DIRECTIONS: Restate word for word each line from the one containing "El camino en" through the end of the material, and nothing more. Drop every picture.

DATASET CONTENT:
☆ ☆ ☆ ☆ ☆
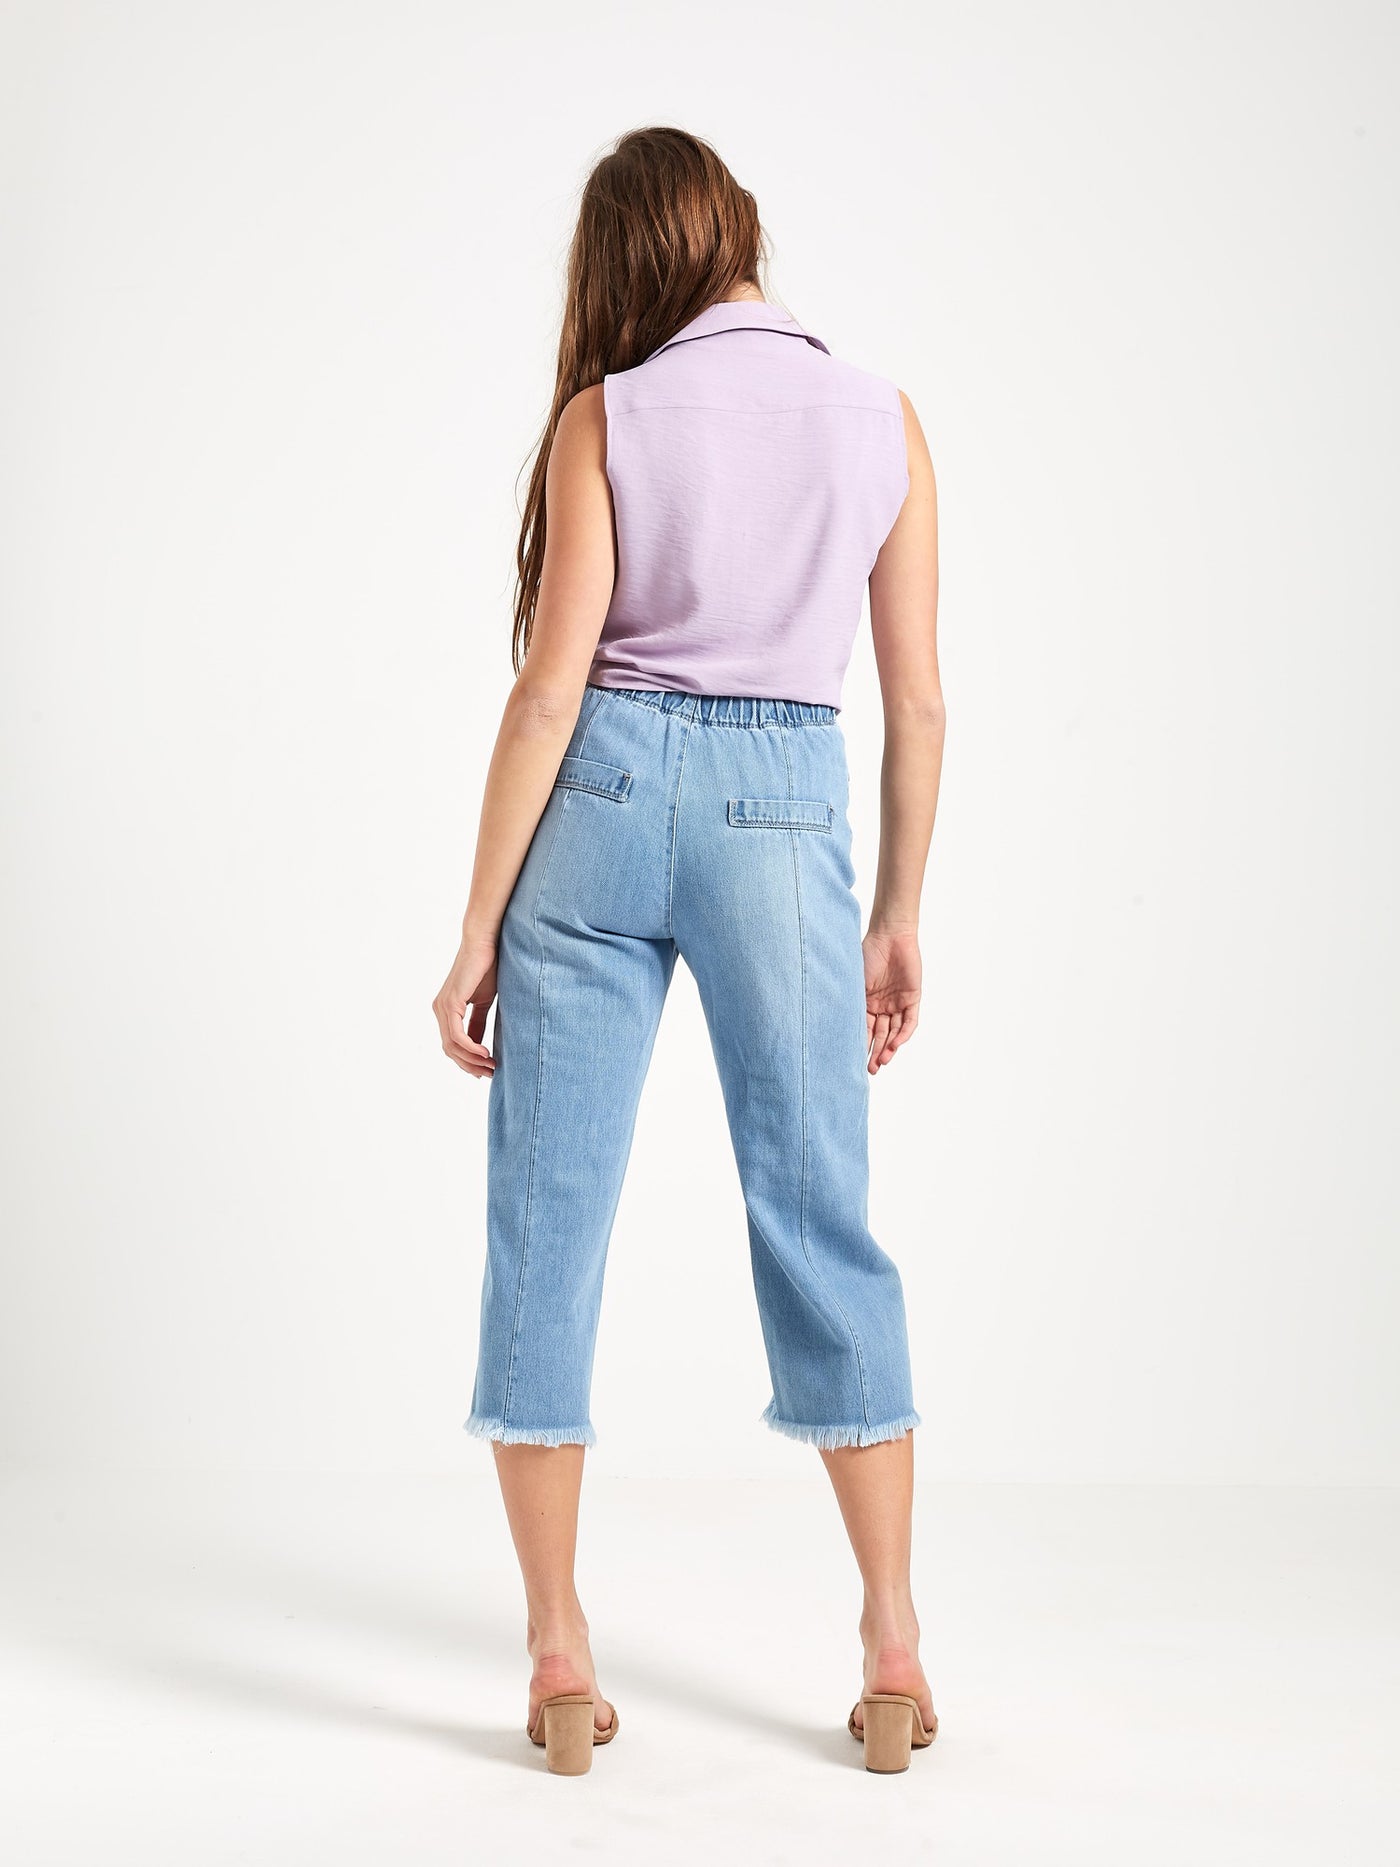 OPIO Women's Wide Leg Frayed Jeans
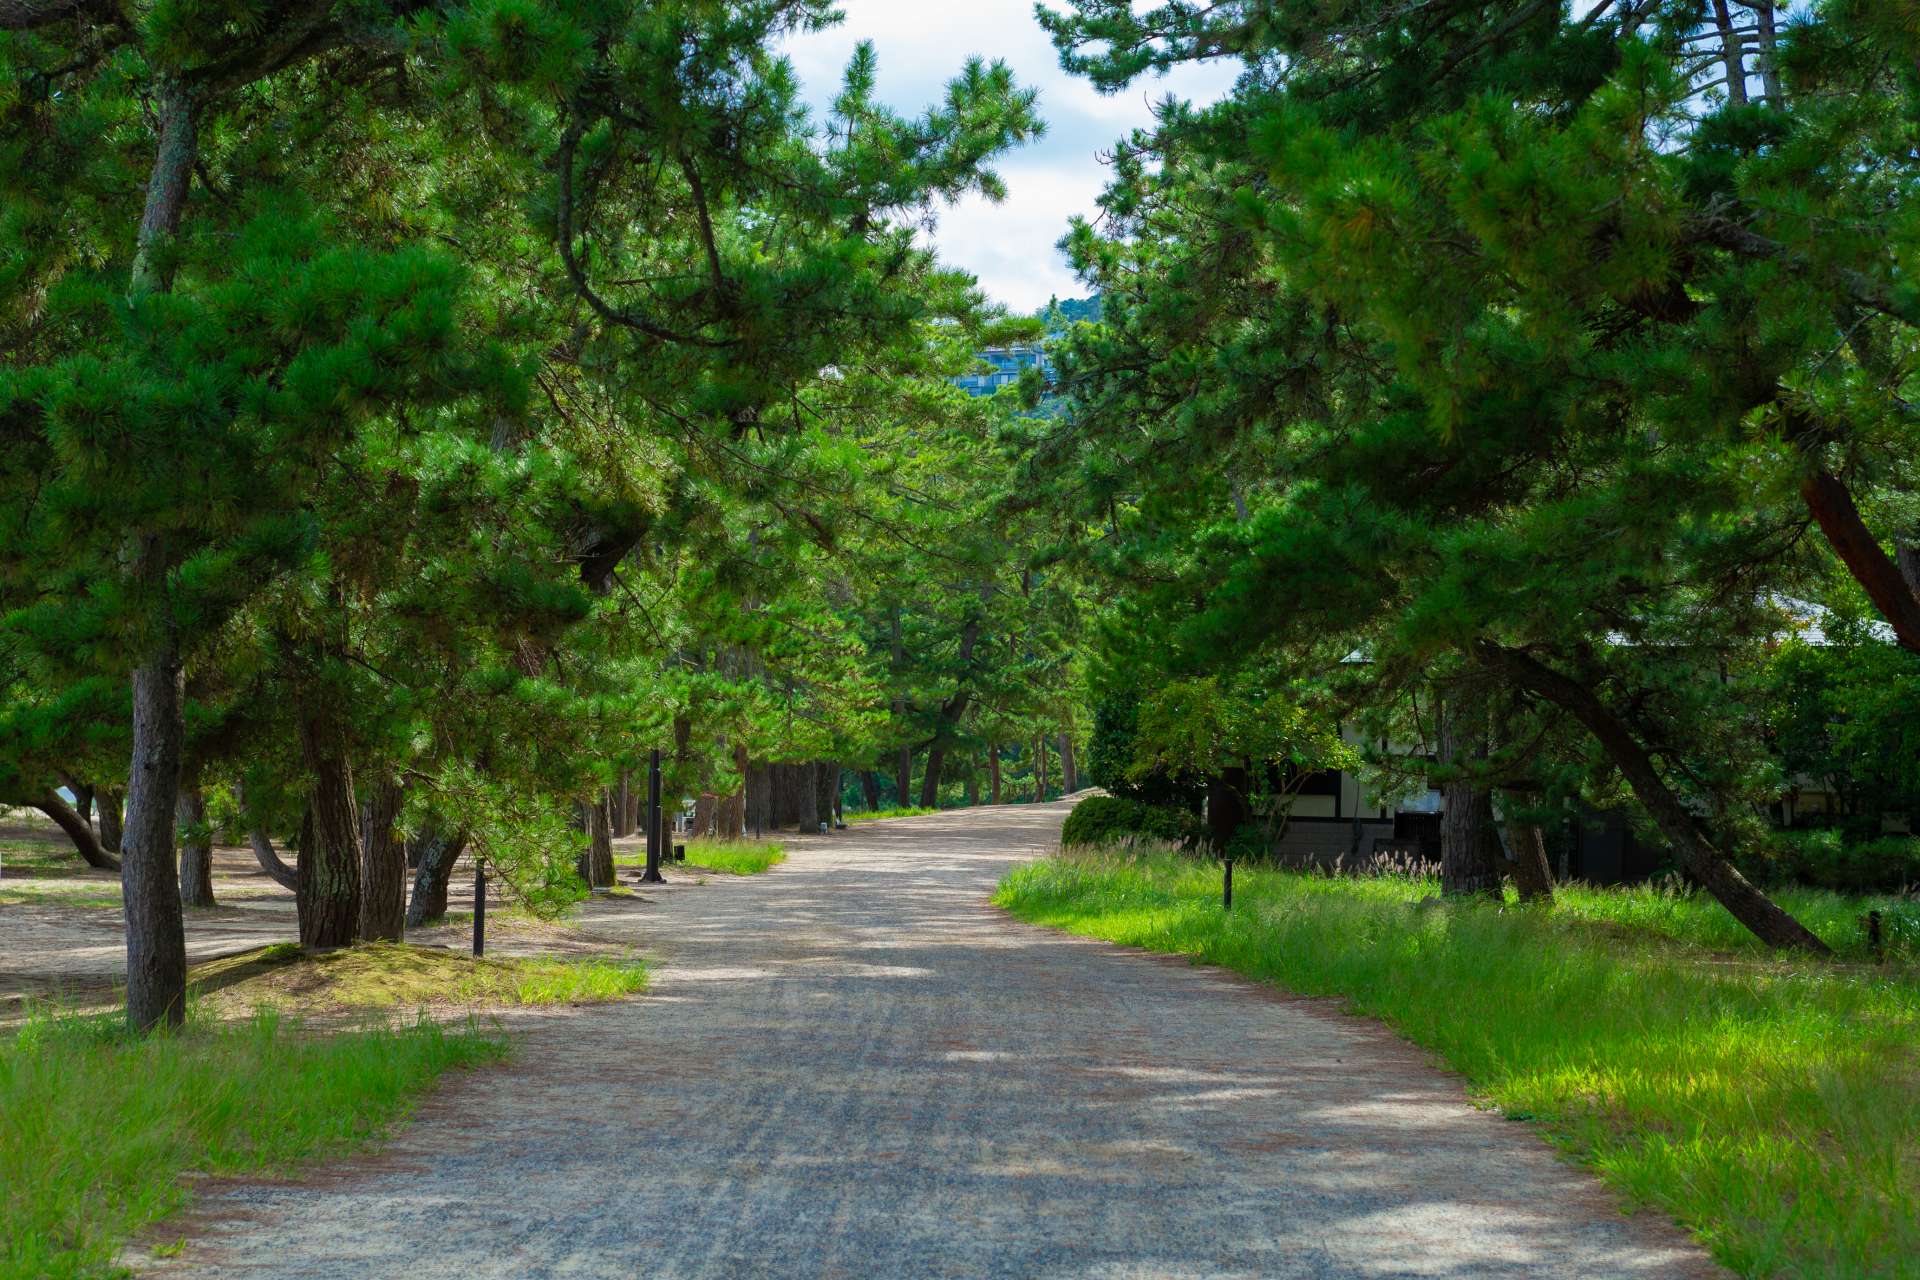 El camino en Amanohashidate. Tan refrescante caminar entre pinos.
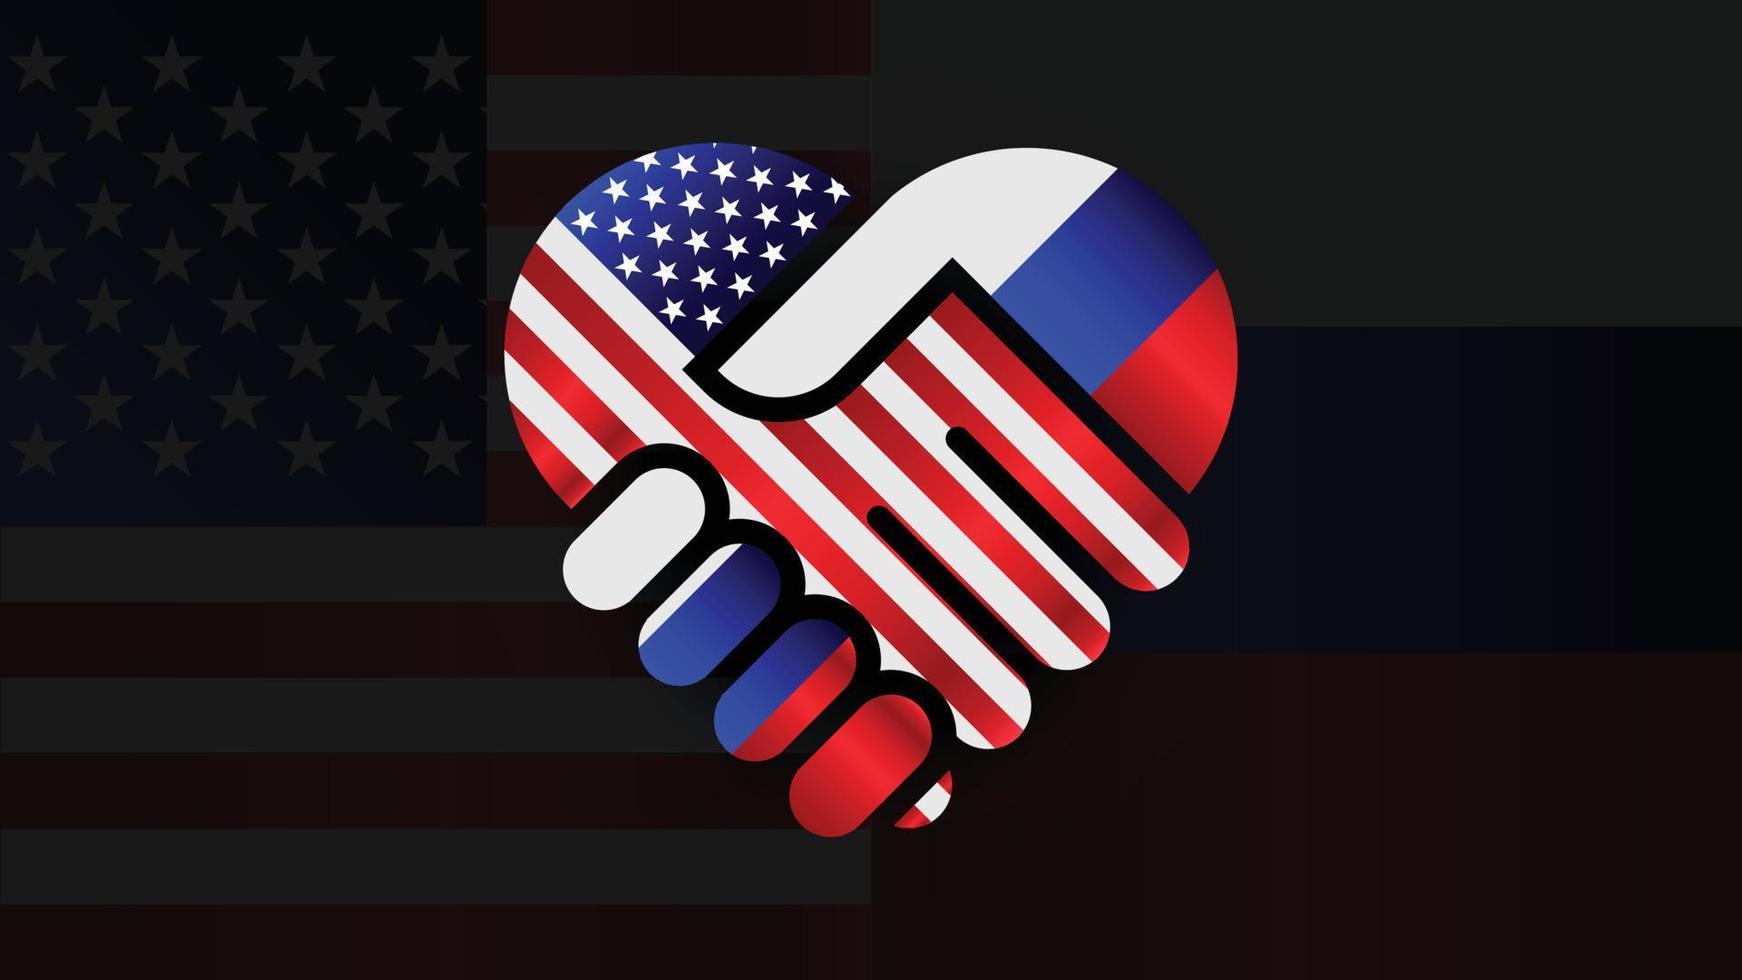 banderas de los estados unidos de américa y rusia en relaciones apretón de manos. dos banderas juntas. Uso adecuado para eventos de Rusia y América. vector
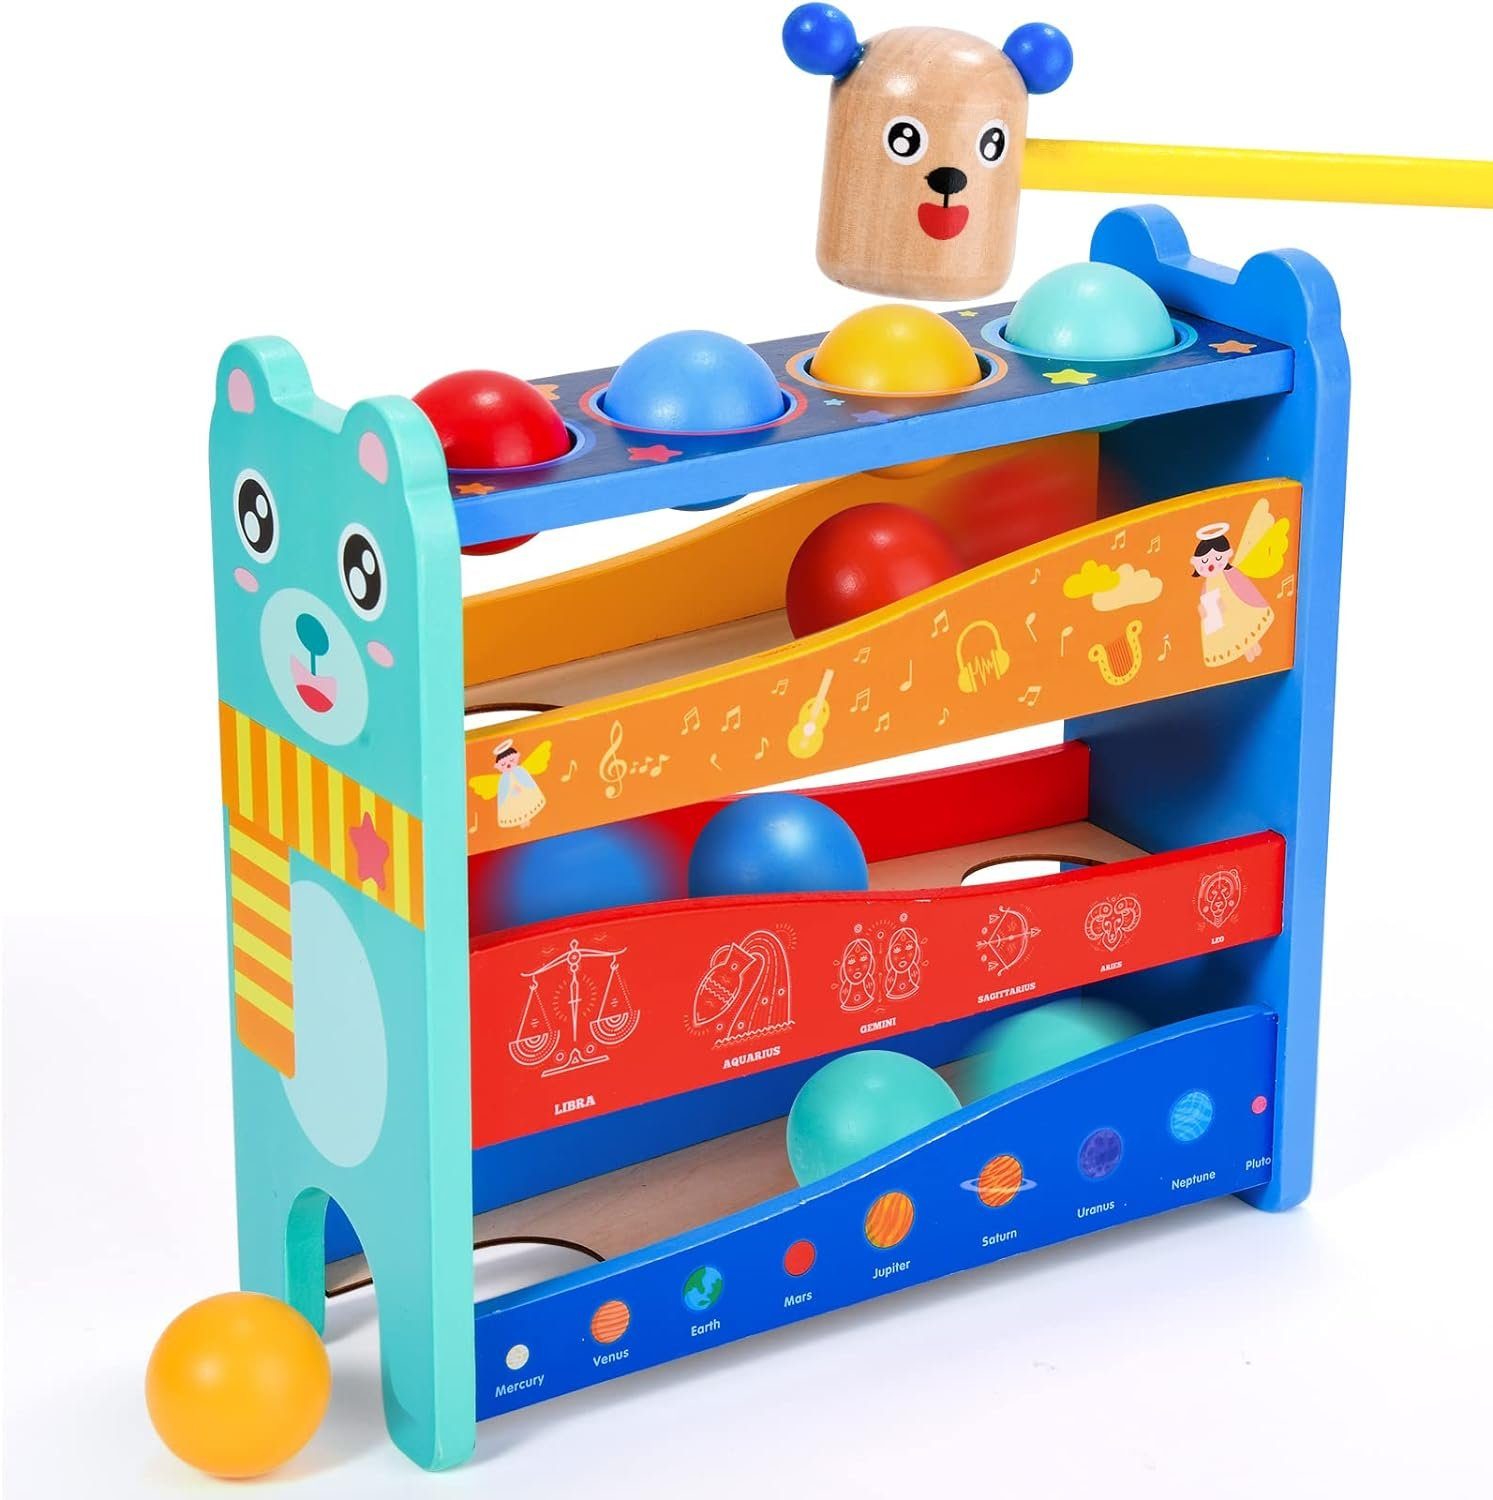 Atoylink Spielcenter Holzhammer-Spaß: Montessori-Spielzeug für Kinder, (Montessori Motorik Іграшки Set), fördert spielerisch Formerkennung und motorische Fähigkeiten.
☆ ☆ ☆ ☆ ☆
RESPONSE BOX:
 El camino en Amanohashidate. Tan refrescante caminar entre pinos.
 banderas de los estados unidos de américa y rusia en relaciones apretón de manos. dos banderas juntas. Uso adecuado para eventos de Rusia y América. vector
 Atoylink Spielcenter Holzhammer-Spaß: Montessori-Spielzeug für Kinder, (Montessori Motorik Іграшки Set), fördert spielerisch Formerkennung und motorische Fähigkeiten.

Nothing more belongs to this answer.